Understanding Masking in Neurodivergent Individuals and Strategies for Reduction
- Alexandra Lioznov
- Jan 10
- 3 min read
Masking is a common experience among neurodivergent individuals, yet it remains misunderstood by many. It involves hiding or suppressing natural behaviors and traits to fit into social expectations. This article explores what masking is, why neurodivergent people often do it, and practical ways to reduce or stop masking to improve well-being and authenticity.
What Is Masking?
Masking refers to the conscious or unconscious effort to hide behaviors, thoughts, or feelings that might be seen as different or socially unacceptable. For neurodivergent individuals—such as those with autism, ADHD, or other neurological differences—masking often means suppressing natural responses or mimicking neurotypical behaviors to avoid judgment or exclusion.
Examples of masking include:
Forcing eye contact despite discomfort
Repeating socially expected phrases without genuine engagement
Suppressing stimming behaviors like hand-flapping or rocking
Mimicking facial expressions or tone of voice to appear “normal”
Masking can be exhausting because it requires constant monitoring and adjustment of behavior. Over time, it may lead to stress, anxiety, and a sense of losing one’s true self.
Why Do Neurodivergent Individuals Mask?
The reasons behind masking are complex and often rooted in social pressures and survival instincts. Some key factors include:
Desire for acceptance: Many neurodivergent people mask to fit in with peers, family, or colleagues and avoid bullying or exclusion.
Fear of stigma: Negative stereotypes and misunderstandings about neurodivergence can lead individuals to hide their differences.
Professional and social expectations: Workplaces and social settings often reward conformity, pushing individuals to mask to succeed or avoid conflict.
Internalized beliefs: Some may believe their natural behaviors are wrong or undesirable, leading to self-masking.
Masking is a coping mechanism that helps navigate environments that are not always welcoming or accommodating. However, it comes at a personal cost.
The Impact of Masking on Mental Health
While masking can provide short-term safety, it often harms long-term mental health. Research and personal accounts highlight several consequences:
Increased anxiety and depression: Constantly hiding true feelings and behaviors can cause emotional strain.
Burnout: The effort to maintain a mask can lead to physical and mental exhaustion.
Identity confusion: Masking may cause individuals to lose touch with their authentic selves.
Delayed diagnosis: Masking can make it harder for professionals to recognize neurodivergence, delaying support and accommodations.
Understanding these impacts is crucial for creating supportive environments where neurodivergent individuals feel safe to express themselves.
Strategies to Reduce or Stop Masking
Reducing masking is a gradual process that involves building self-awareness, confidence, and supportive networks. Here are practical strategies:
1. Build Self-Awareness
Reflect on when and why you mask.

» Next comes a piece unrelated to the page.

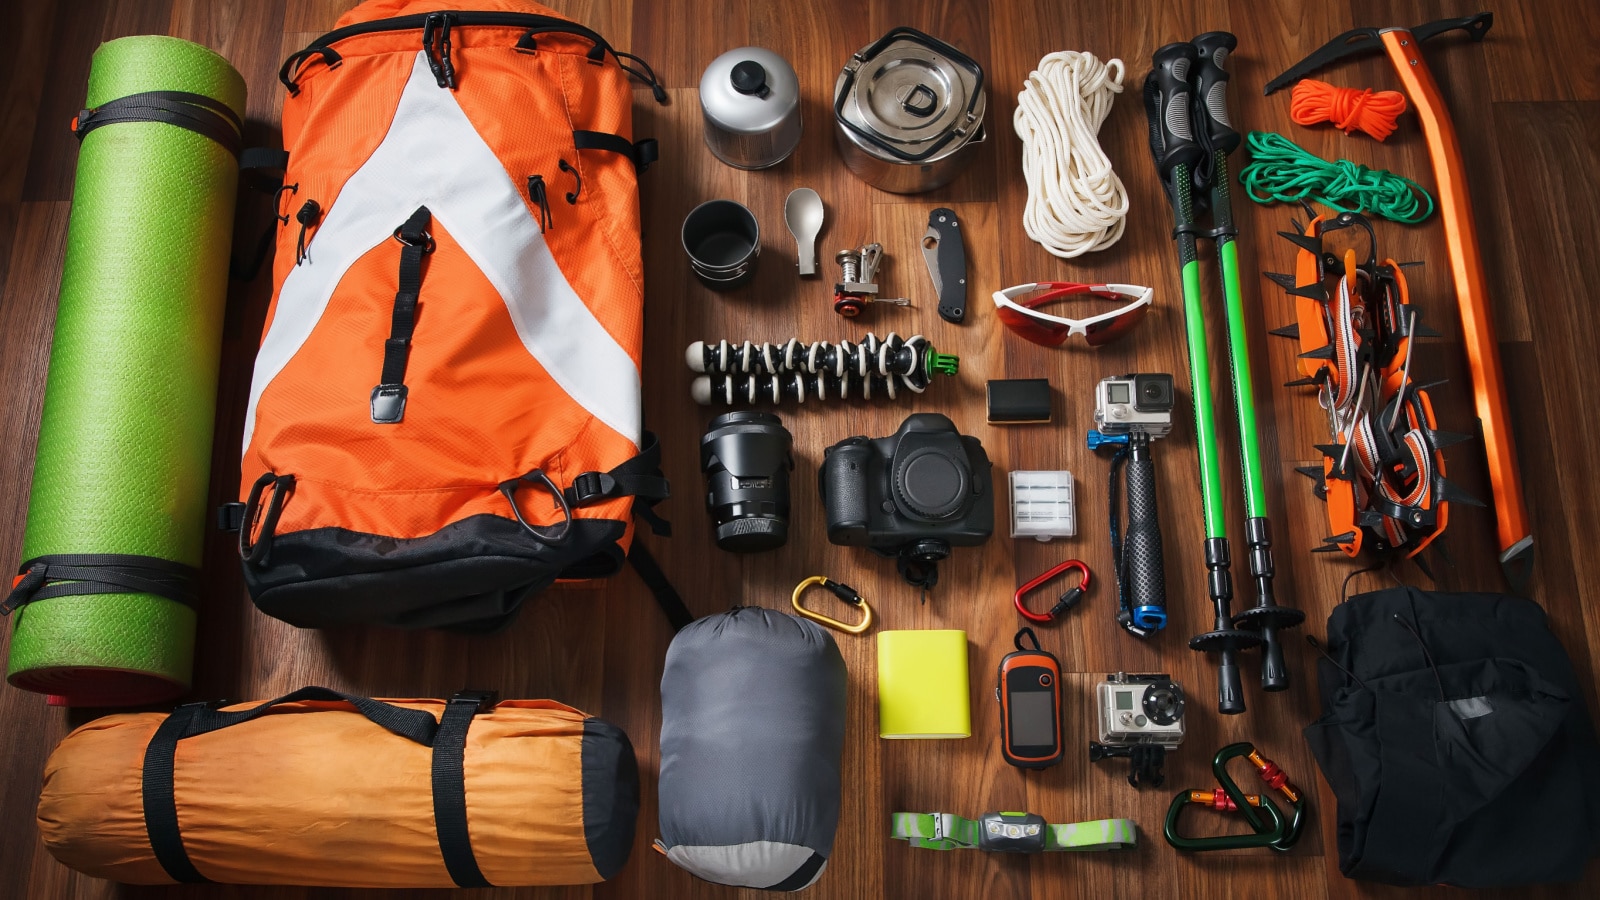 Equipment for mountaineering and hiking on wooden background. Climbing equipment: rope, trekking shoes, crampons, ice tools, ice ax, ice screws, red knife and other set on dark wooden background.

Keeping a journal can help identify triggers and patterns.
Recognize your natural behaviors and accept them as part of your identity.
2. Seek Supportive Communities
Connect with other neurodivergent individuals who understand your experiences.
Join online forums, local groups, or advocacy organizations that promote acceptance.
3. Educate Others
Share information about neurodivergence with friends, family, and coworkers to reduce stigma.
Advocate for inclusive environments that respect diverse ways of being.
4. Practice Self-Compassion
Allow yourself to take breaks from masking in safe spaces.
Celebrate your unique traits and strengths.
5. Use Professional Support
Neurodiverse-affirming therapists, coaches & counselors can help develop coping strategies and help with self-awareness and self-acceptance.
6. Set Boundaries
Identify situations where masking feels necessary and explore ways to minimize it.
Communicate your needs clearly to others when possible.
7. Create Safe Environments
Design personal spaces where you can be yourself without judgment.
Encourage workplaces or schools to adopt neurodiversity-friendly policies.
Examples of Reducing Masking in Daily Life
A person with ADHD might explain their need for movement breaks at work instead of hiding restlessness.
An autistic individual may choose to stim openly in a trusted group rather than suppressing the behavior.
Someone might practice using their natural voice tone instead of mimicking others to fit in socially.
These small steps can build confidence and reduce the emotional toll of masking.
Why Reducing Masking Matters
Living authentically improves mental health, relationships, and overall quality of life. When neurodivergent individuals feel free to express themselves, they can:
Build deeper connections based on honesty
Reduce stress and anxiety
Discover and develop their true talents and interests
Contribute unique perspectives to their communities
Society also benefits when diversity is embraced rather than hidden.